Your objective> Reproduce each line, exactly, from the one containing "WRC 5: FIA World" through the end of the material. Exclude pictures.

*** Opening Source material ***

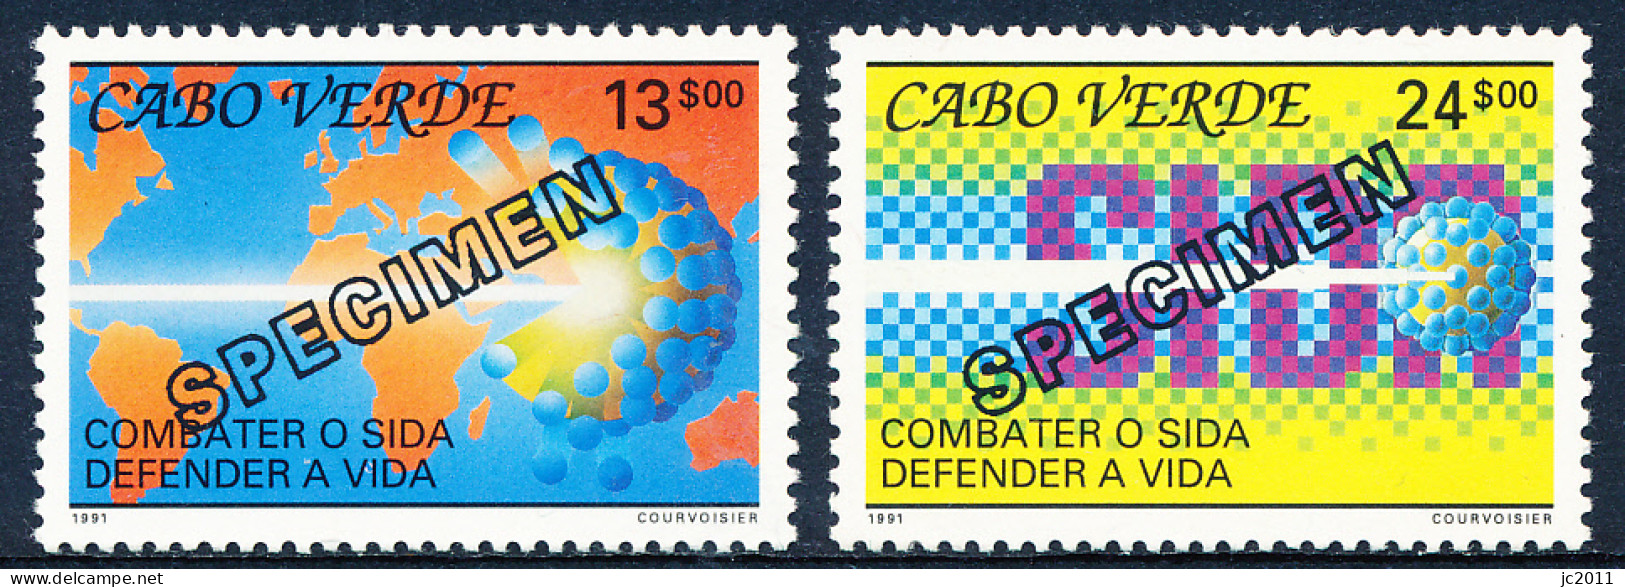 Cabo Verde - 1991 - AIDS - Specimen - MNG - Kap Verde
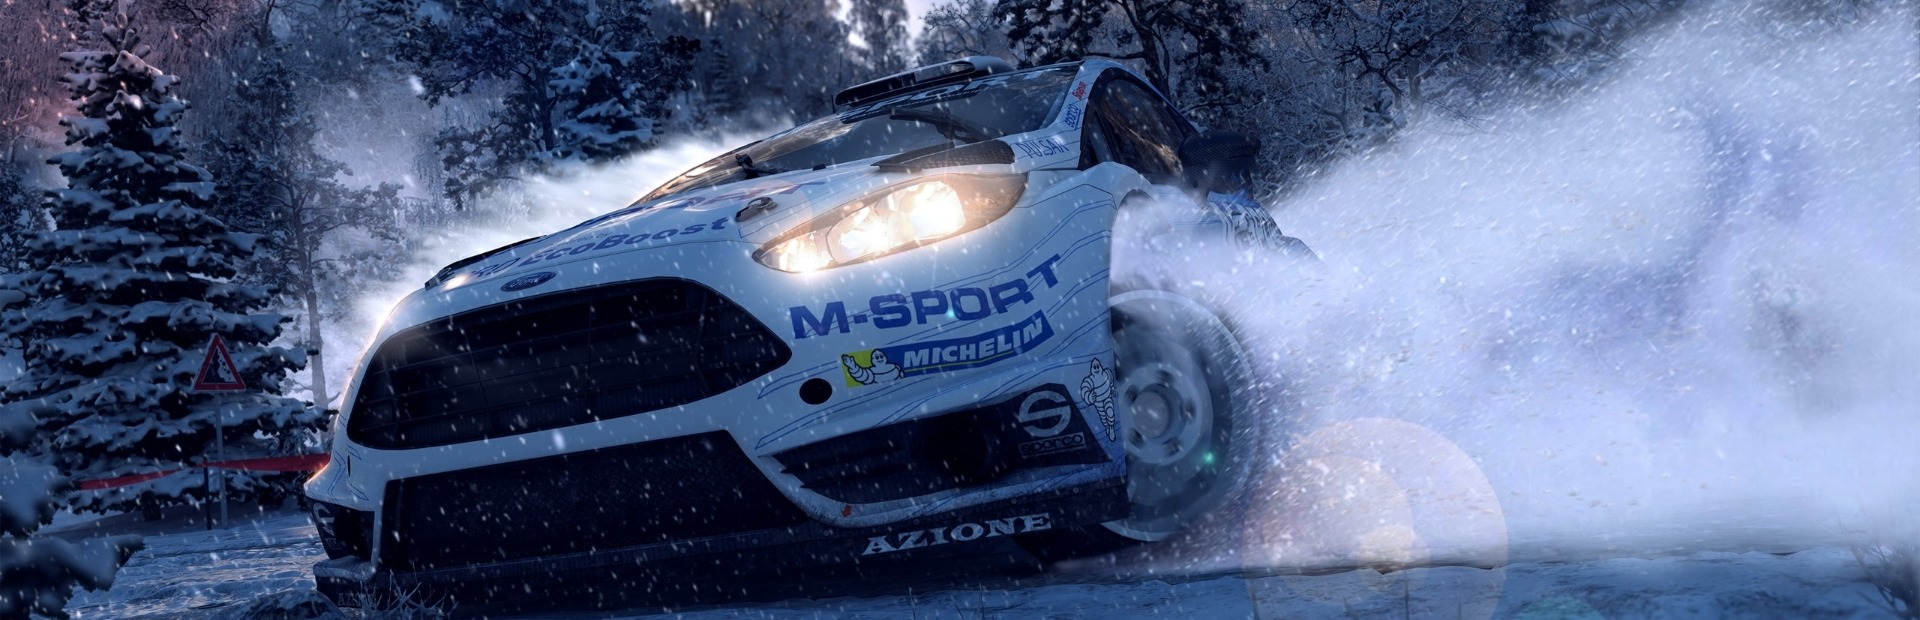 WRC 5: FIA World Rally Championship (Xbox ONE / Xbox Series X|S)
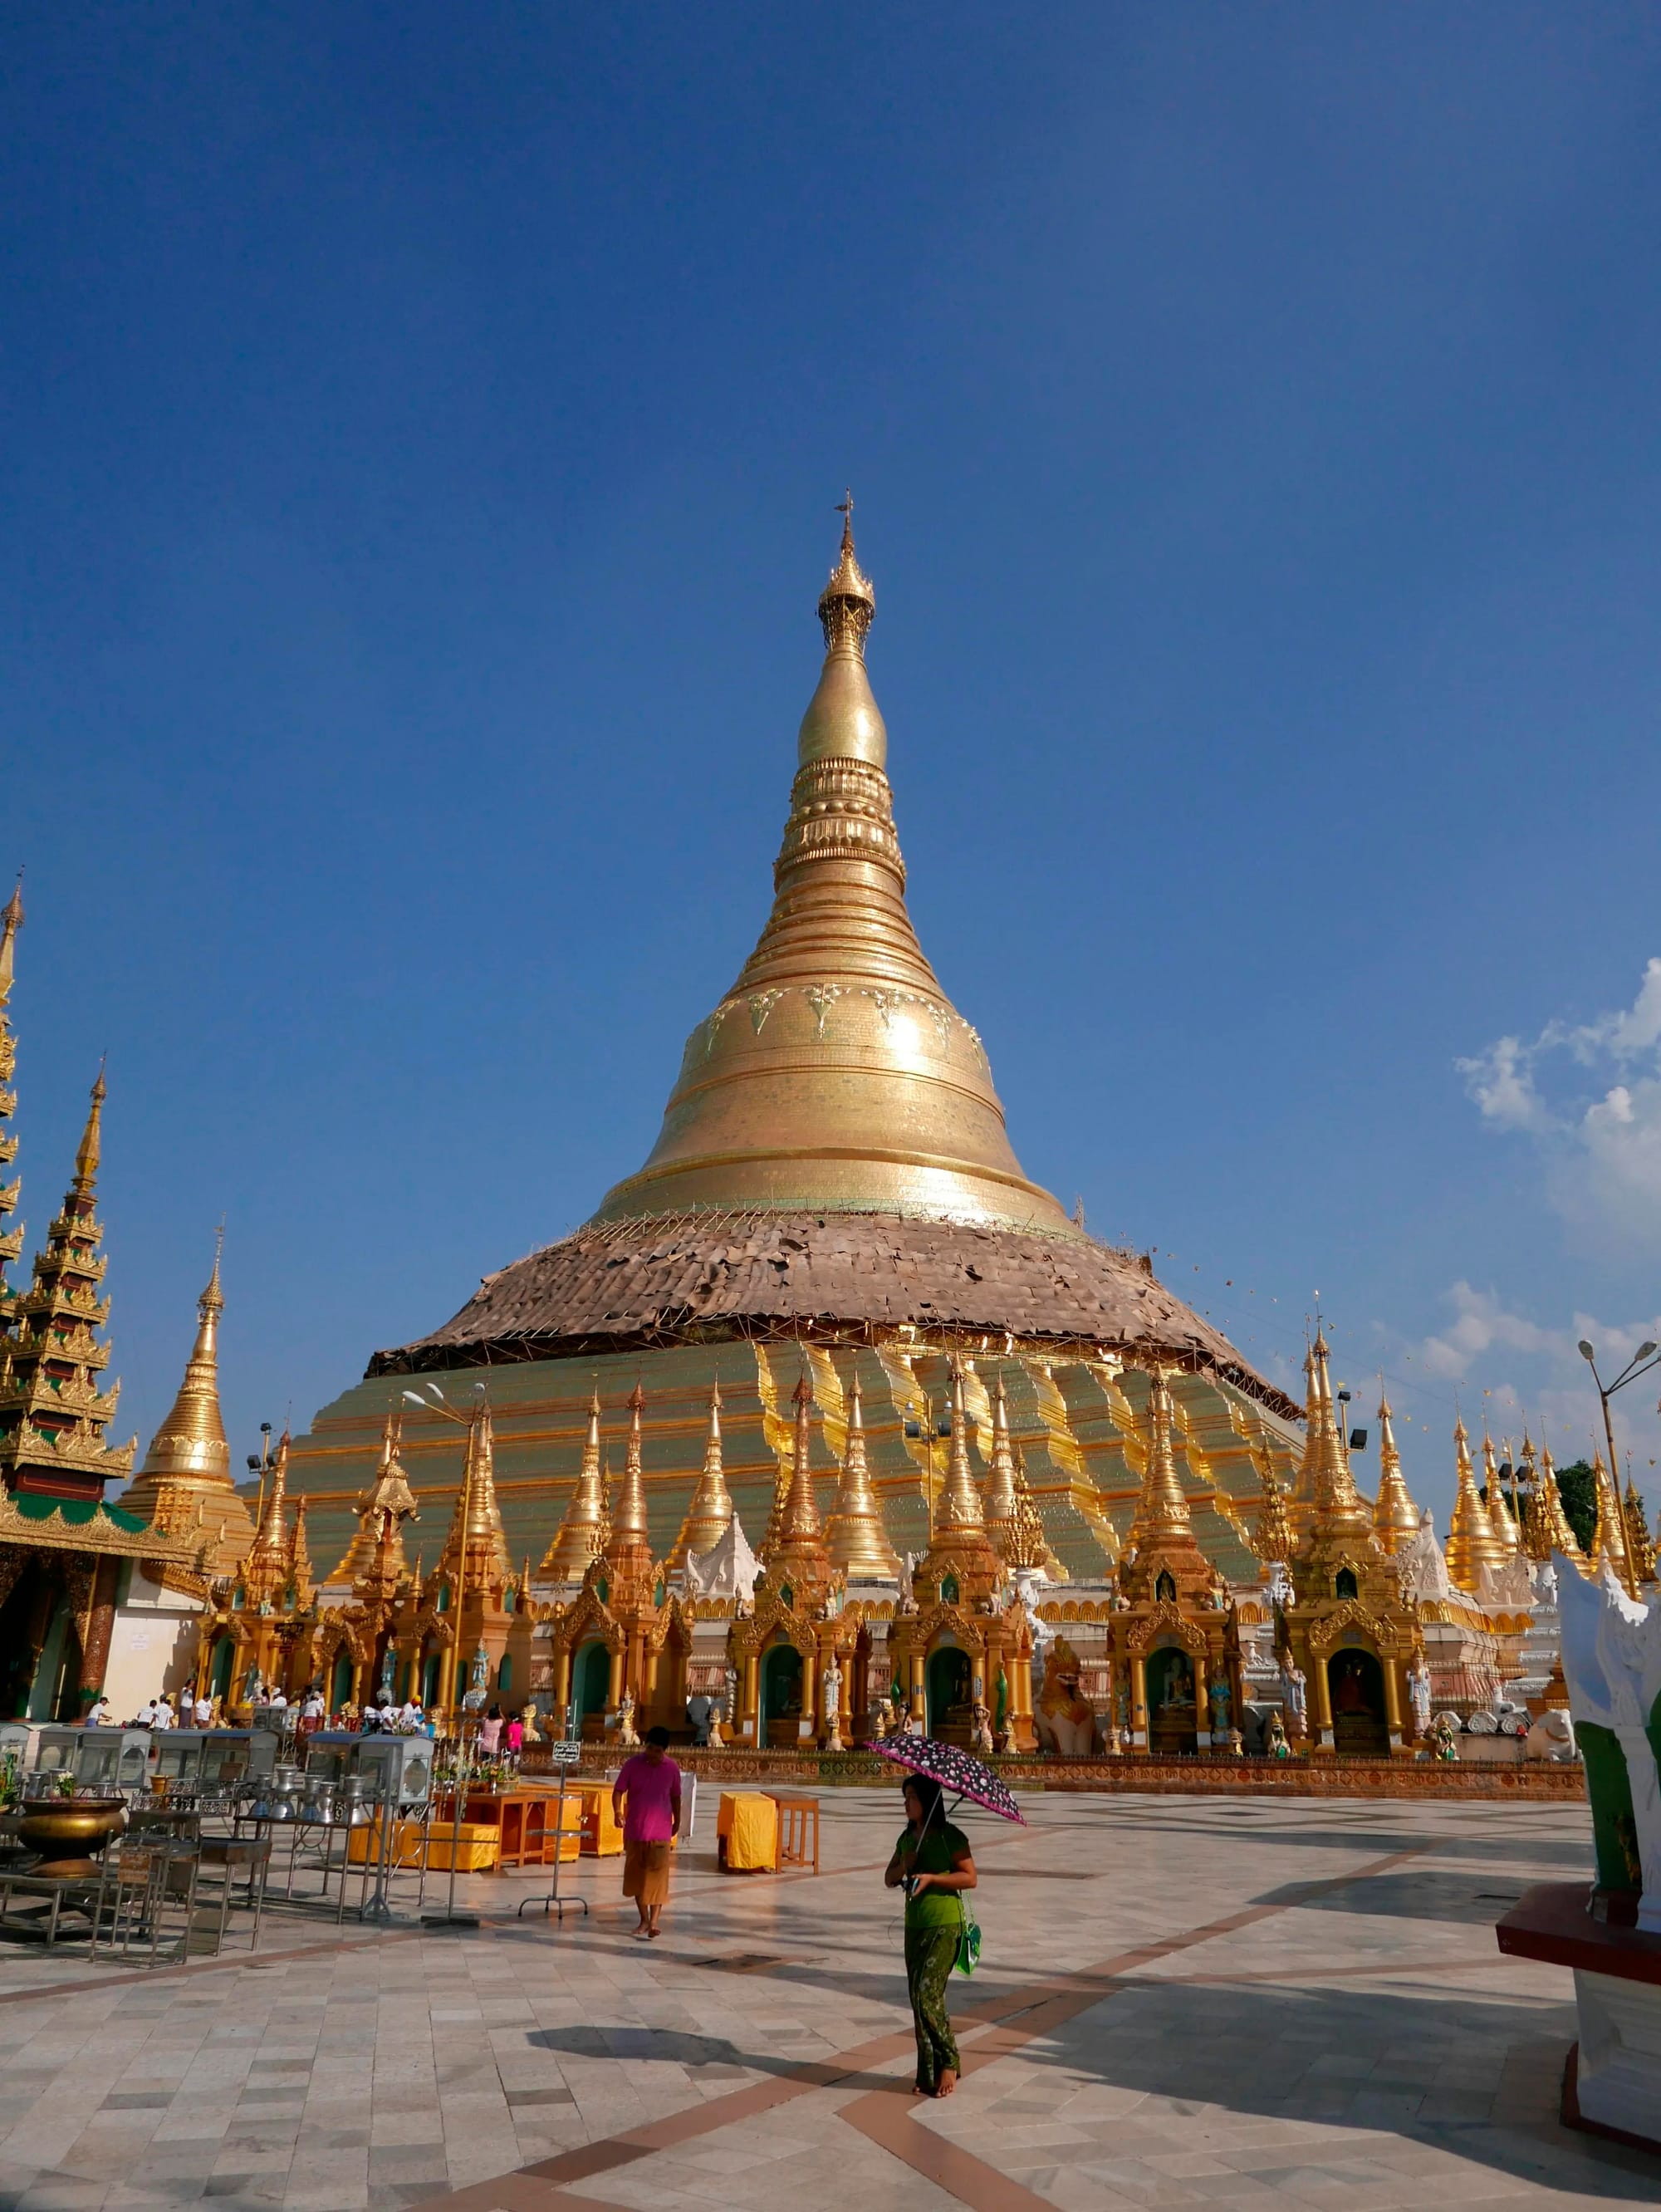 Photo by Author — the Shwedagon Pagoda

*** Closing Source material ***

Reply to the task>
 WRC 5: FIA World Rally Championship (Xbox ONE / Xbox Series X|S)
 Photo by Author — the Shwedagon Pagoda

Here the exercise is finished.